## What to do
The line holding "IMG 0201 - Conférence" is the last one to output; start at the first line of the data, keep every line in between exactly, and leave out pictures.

## Stored data
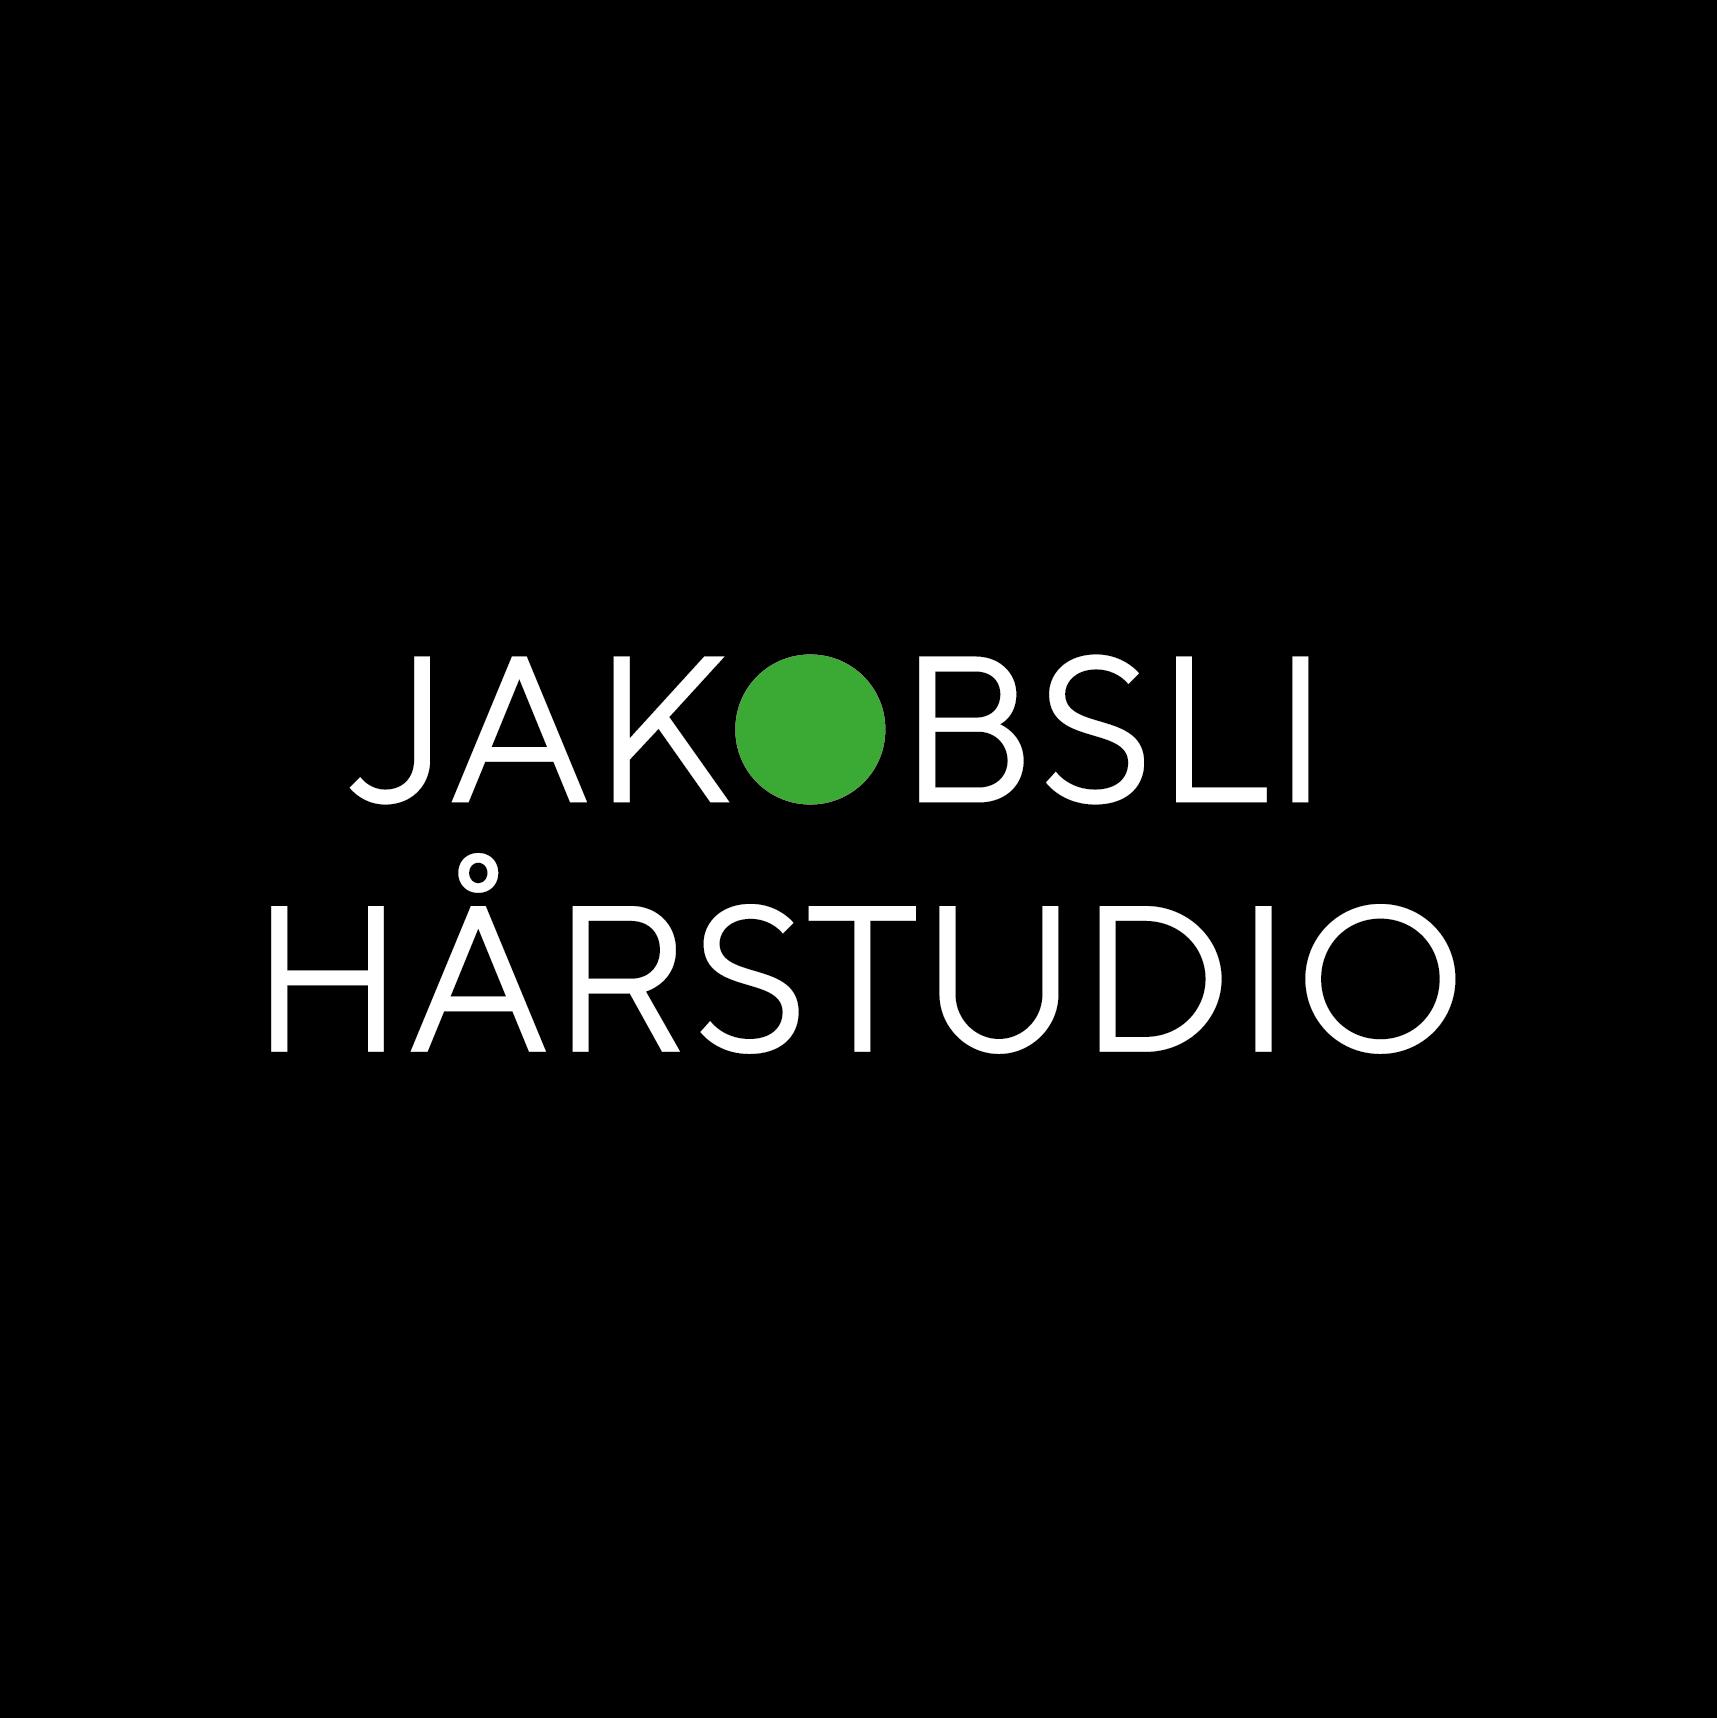 JAKOBSLI HÅRSTUDIO AS
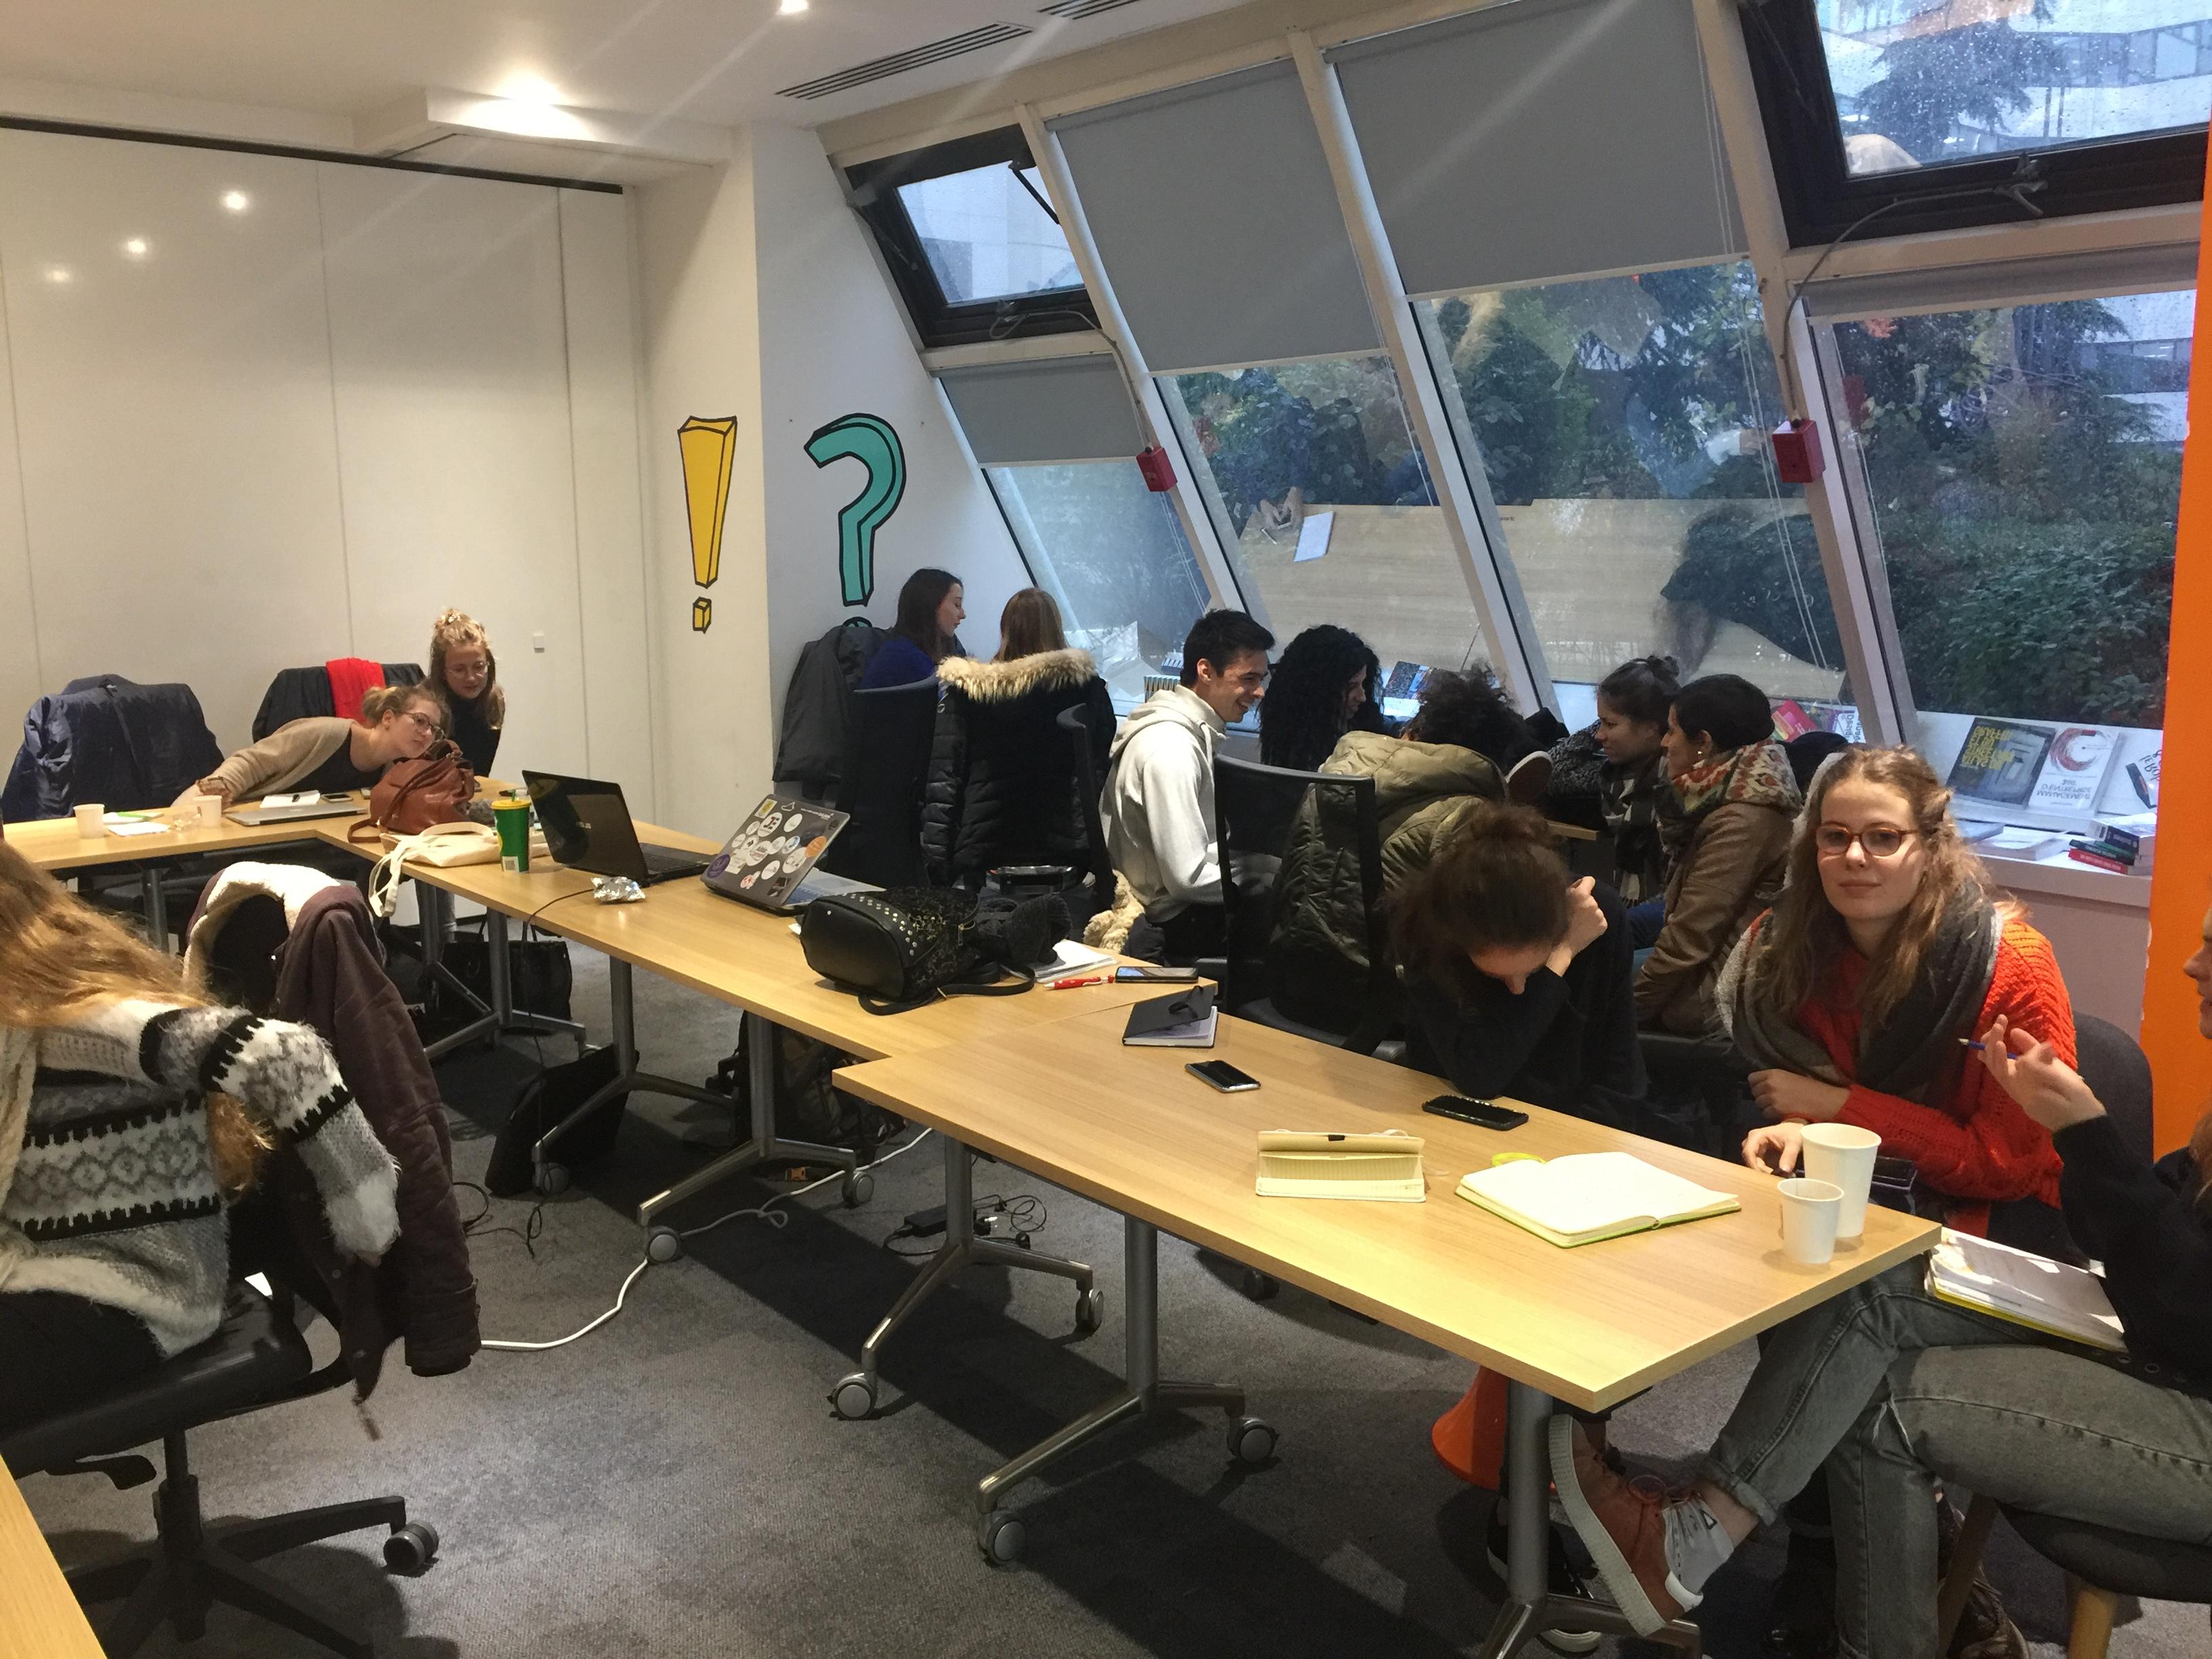 IMG 0201 - Conférence atelier avec les étudiants Unilasalle
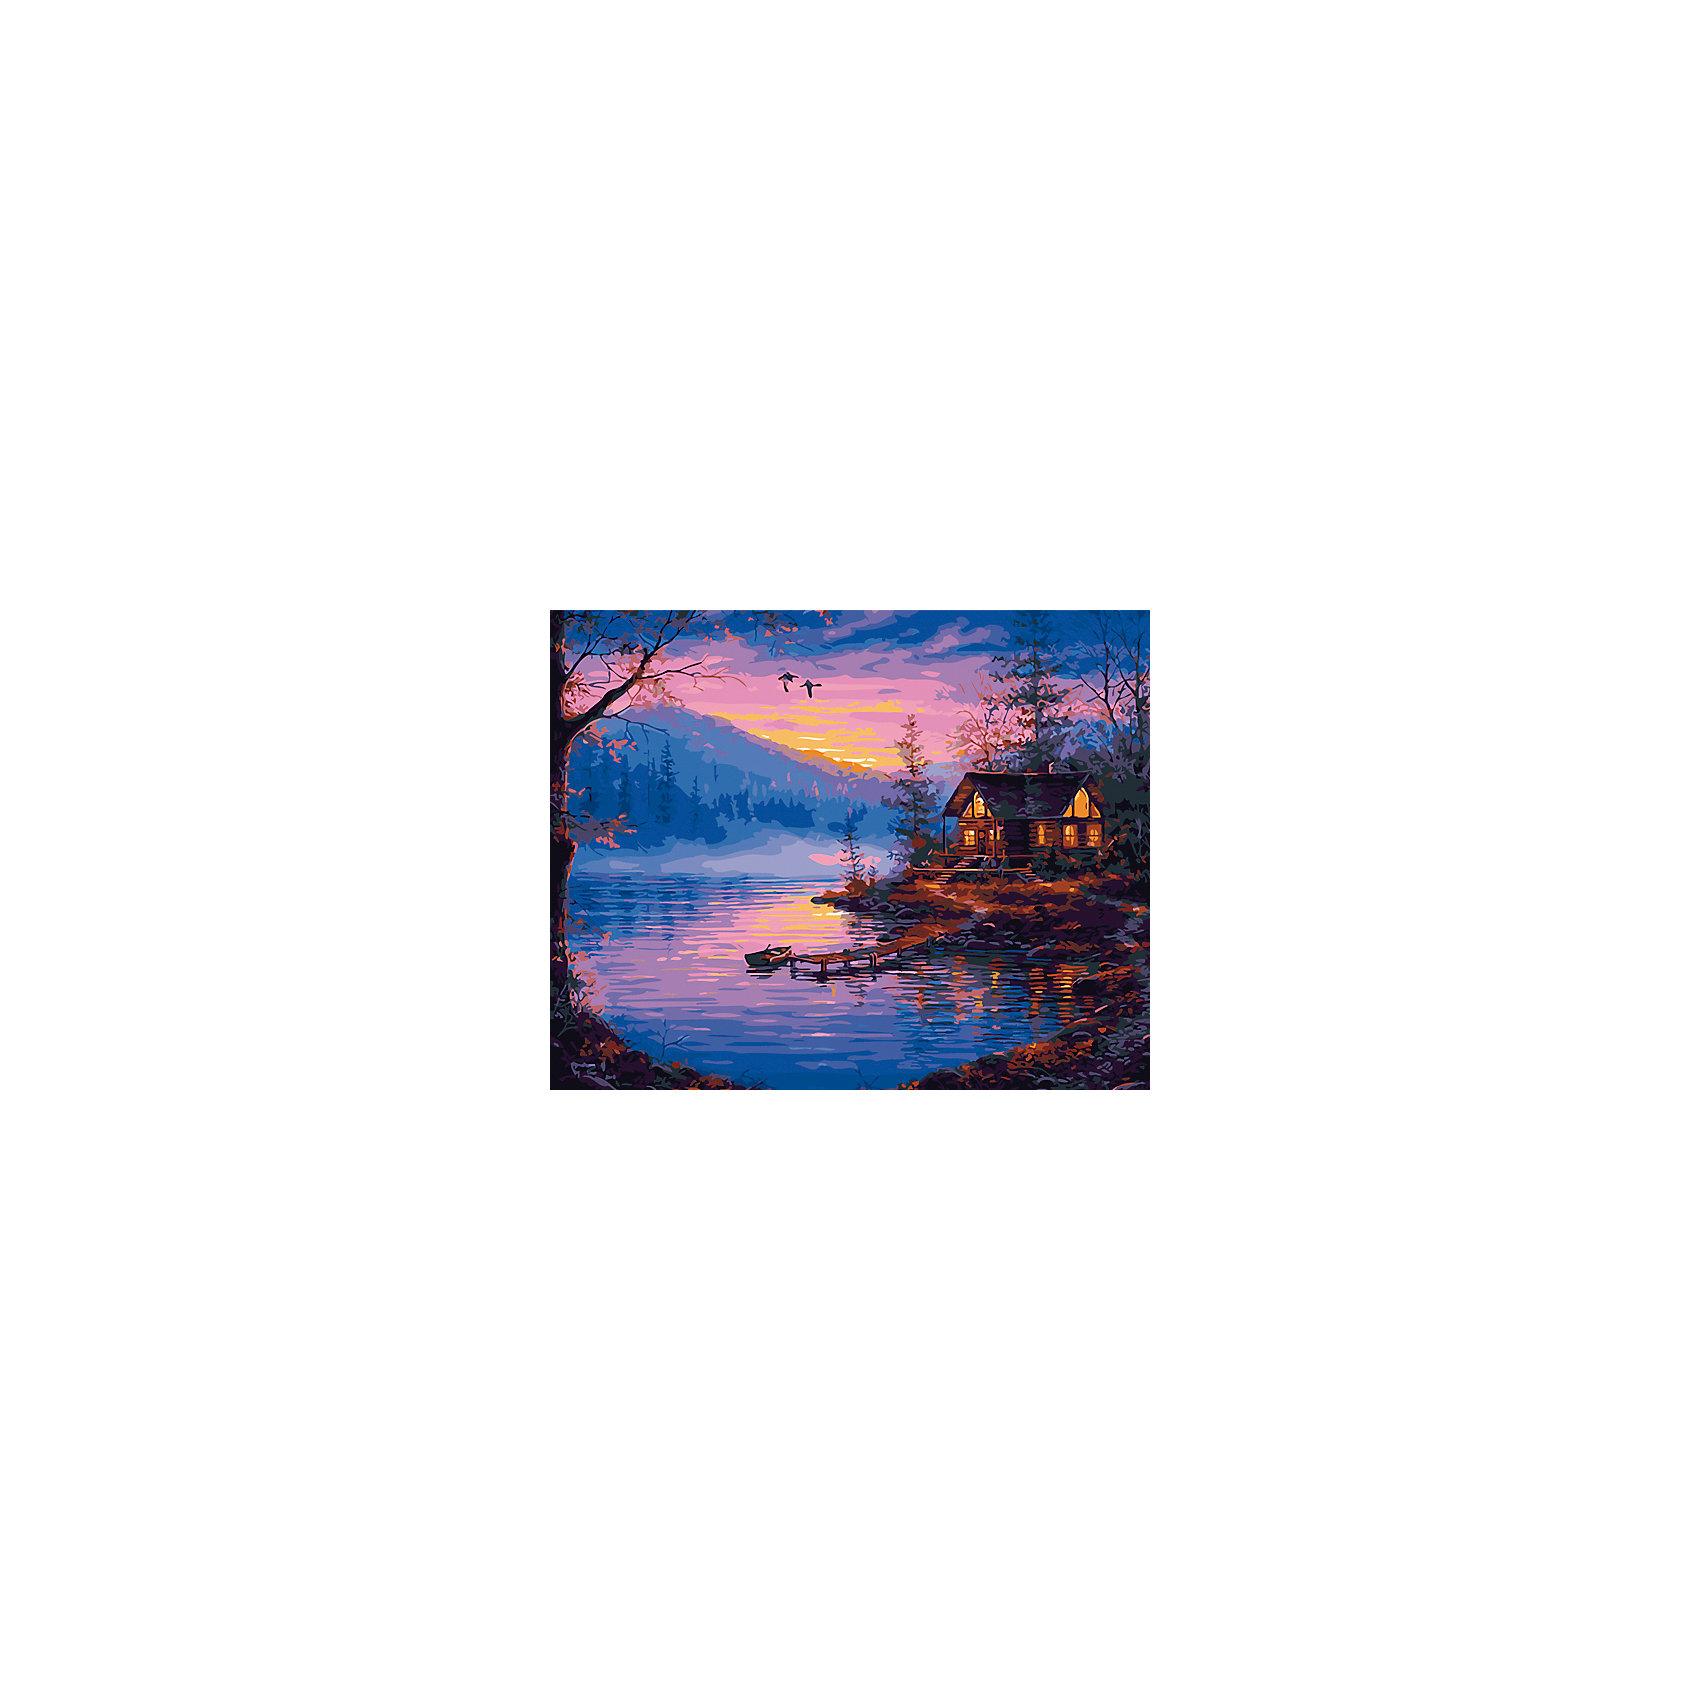 Холст с красками по номерам Закат на озере 40х50 смзамечательные наборы для создания уникального шедевра изобразительного искусства. Создание картин на специально подготовленной рабочей поверхности – это уникальная техника, позволяющая делать Ваши шедевры более яркими и реалистичными. Просто нанесите мазки на уже готовый эскиз и оживите картину! Готовые изделия могут стать украшением интерьера или прекрасным подарком близким и друзьям.<br><br>Ширина мм: 510<br>Глубина мм: 410<br>Высота мм: 25<br>Вес г: 900<br>Возраст от месяцев: 36<br>Возраст до месяцев: 108<br>Пол: Унисекс<br>Возраст: Детский<br>SKU: 5096766

## Exercise solution
 JAKOBSLI HÅRSTUDIO AS
 IMG 0201 - Conférence atelier avec les étudiants Unilasalle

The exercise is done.